Serum OX40 ligand levels in asthmatic children: A potential biomarker of severity and persistence
Abstract:The costimulatory molecule OX40 and its ligand, OX40L, mediate key aspects of allergic airway inflammation in animal models of asthma, including eosinophilic airway inflammation, airway hyperresponsiveness, and T-helper type 2 (Th2) polarization. However, involvement of these molecules in Th2-dominated allergen-induced childhood asthma remains unclear. Therefore, we sought to examine OX40L expression in pediatric asthma across disease activity and attack severity. Serum OX40L concentrations were measured by ELISA in 50 children with atopic asthma (during and in between acute attacks), and in 40 healthy children serving as controls. The median and mean (SD) serum OX40L levels (1487 and 1560  pg/mL) were significantly higher in asthmatic children during acute attacks in comparison with children in between attacks (731 and 689  pg/mL) and in comparison with controls (193 and 157 [60.3] pg/mL).
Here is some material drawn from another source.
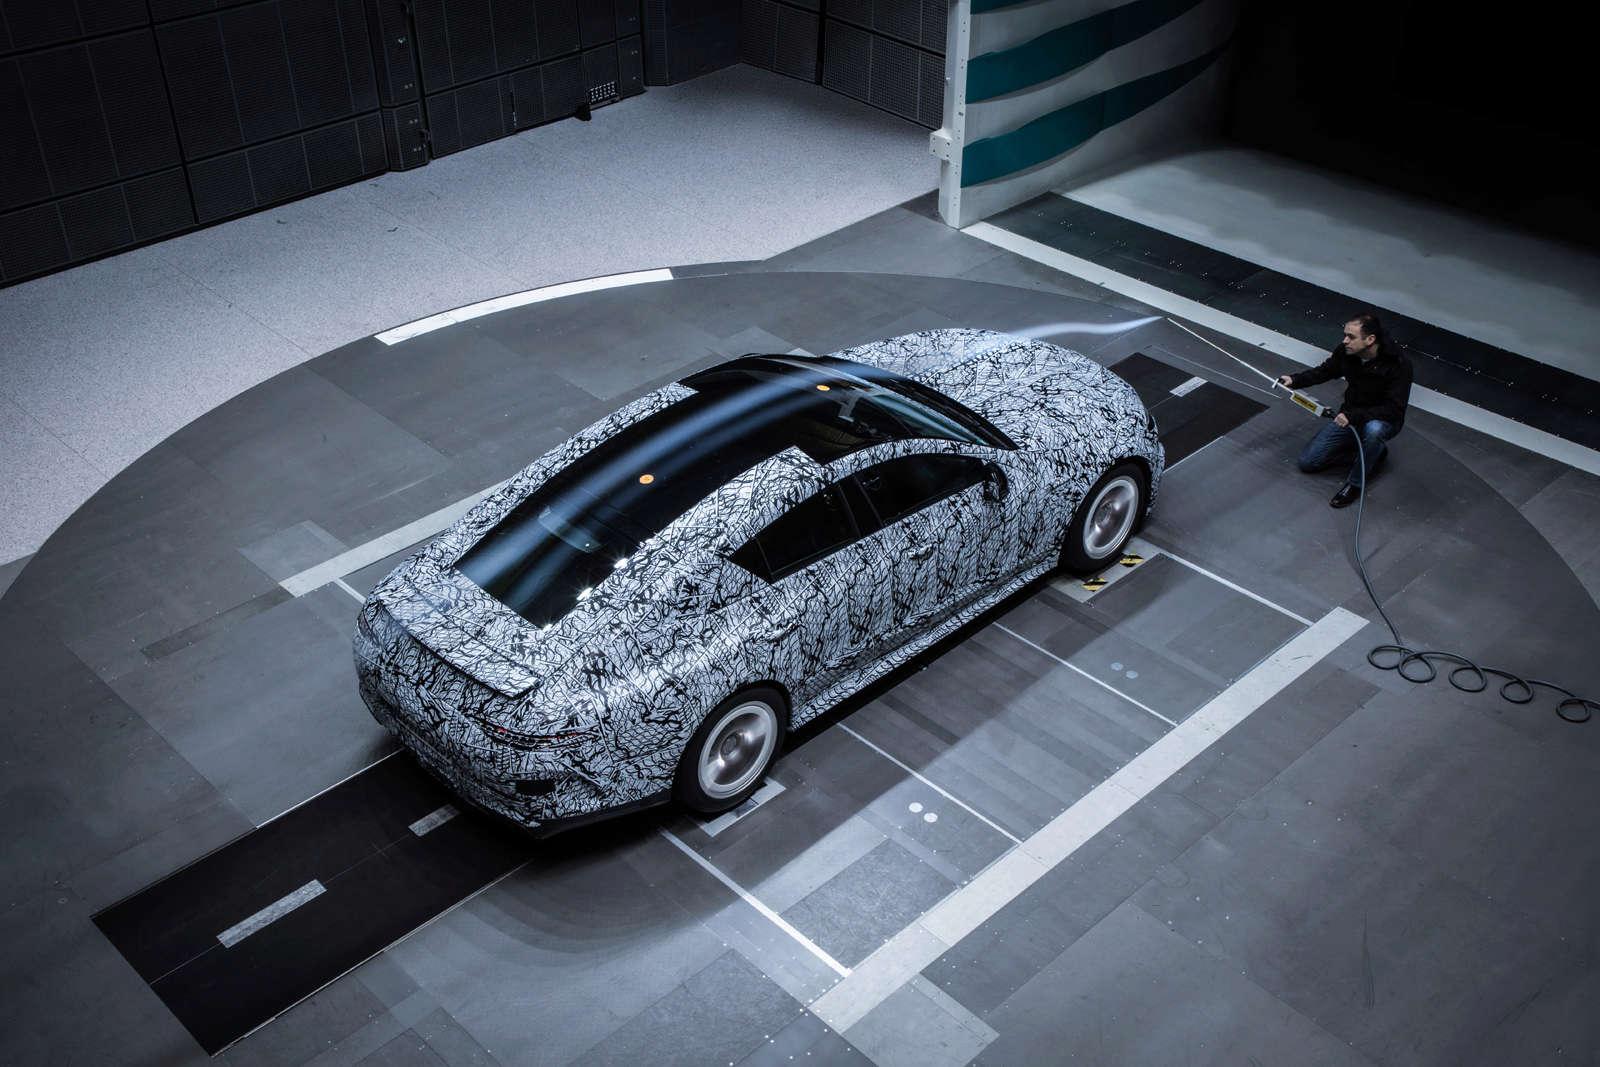 (X290): Fotos da Mercedes-AMG GT4 em testes no túnel de vento C1723610
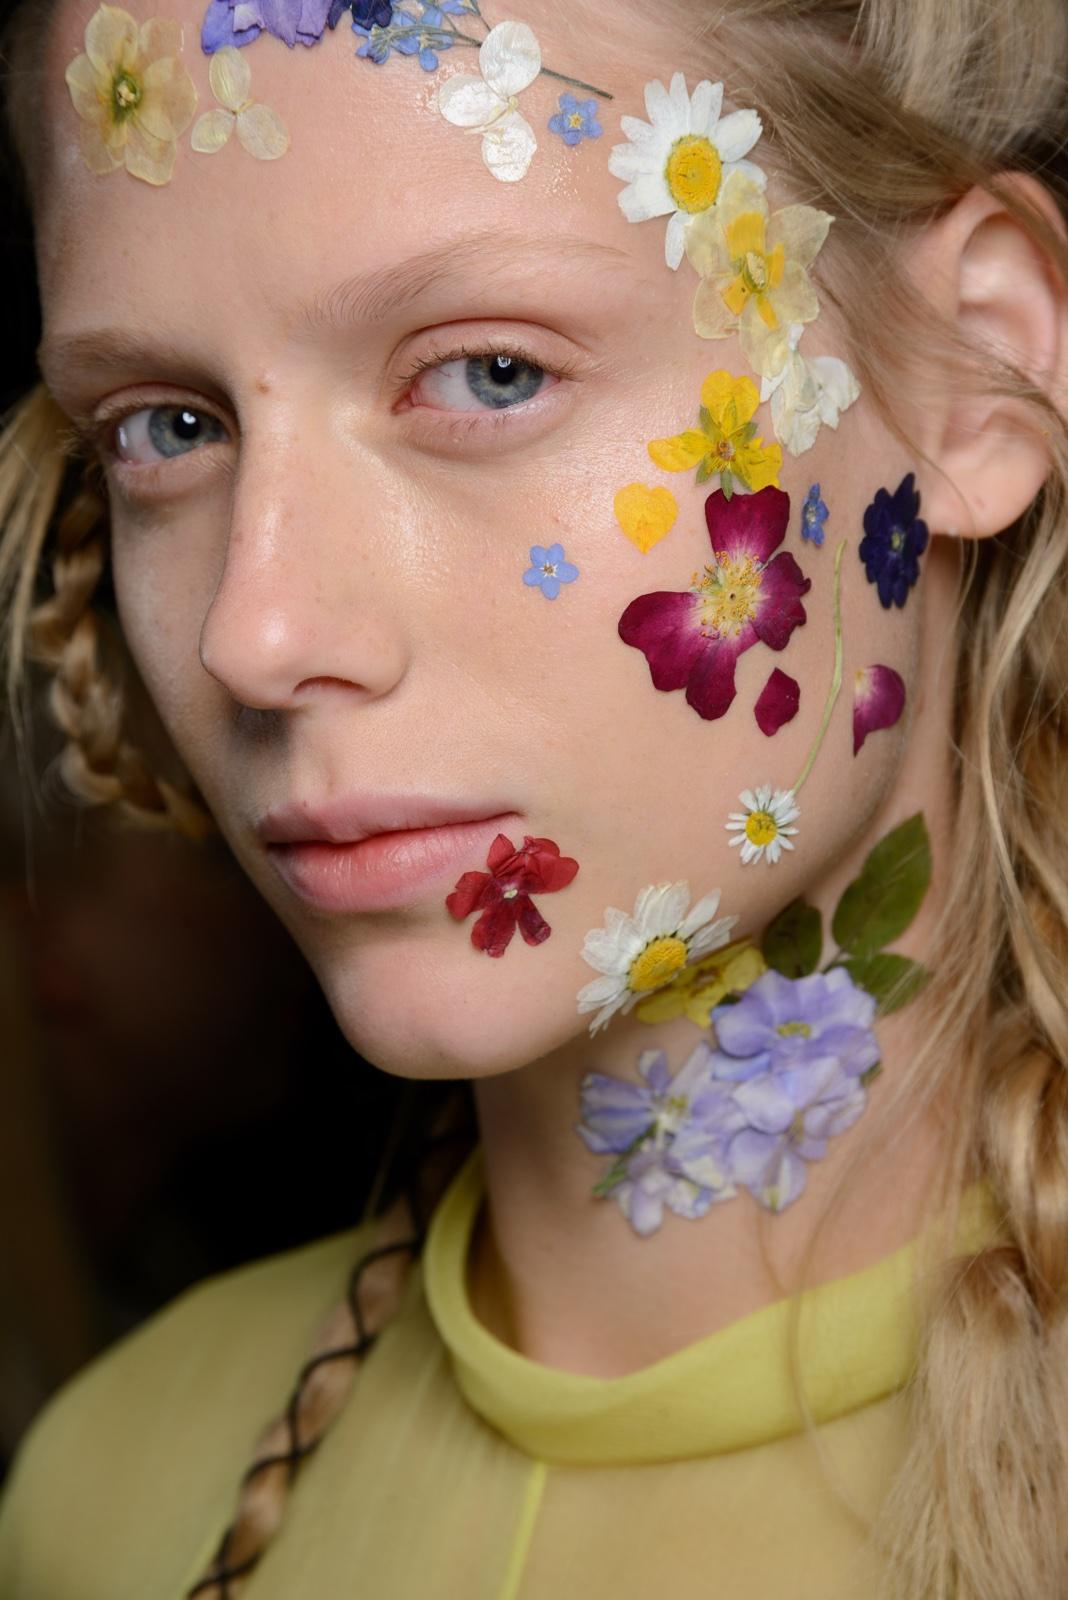 foto: © Luca Cannonieri voor Harpers Bazaar - meisje met bloemen op gezicht geschilderd

OX40L values were higher among children who presented with acute severe asthma exacerbations than in children with mild or moderate asthma exacerbations. During stability, patients with severe persistent asthma had significantly higher levels when compared with patients with moderate or mild persistent asthma. A positive correlation could be elicited between OX40L levels during exacerbations and the corresponding values during remission. Serum OX40L levels correlated negatively with peak expiratory flow rate and positively with absolute eosinophil count. Up-regulation of OX40L may play a critical role in development of childhood atopic asthma and is in favor of asthma severity. OX40L may represent a useful biomarker of monitoring allergic inflammation. OX40L is one of the most promising targets of immune intervention for treatment of these diseases.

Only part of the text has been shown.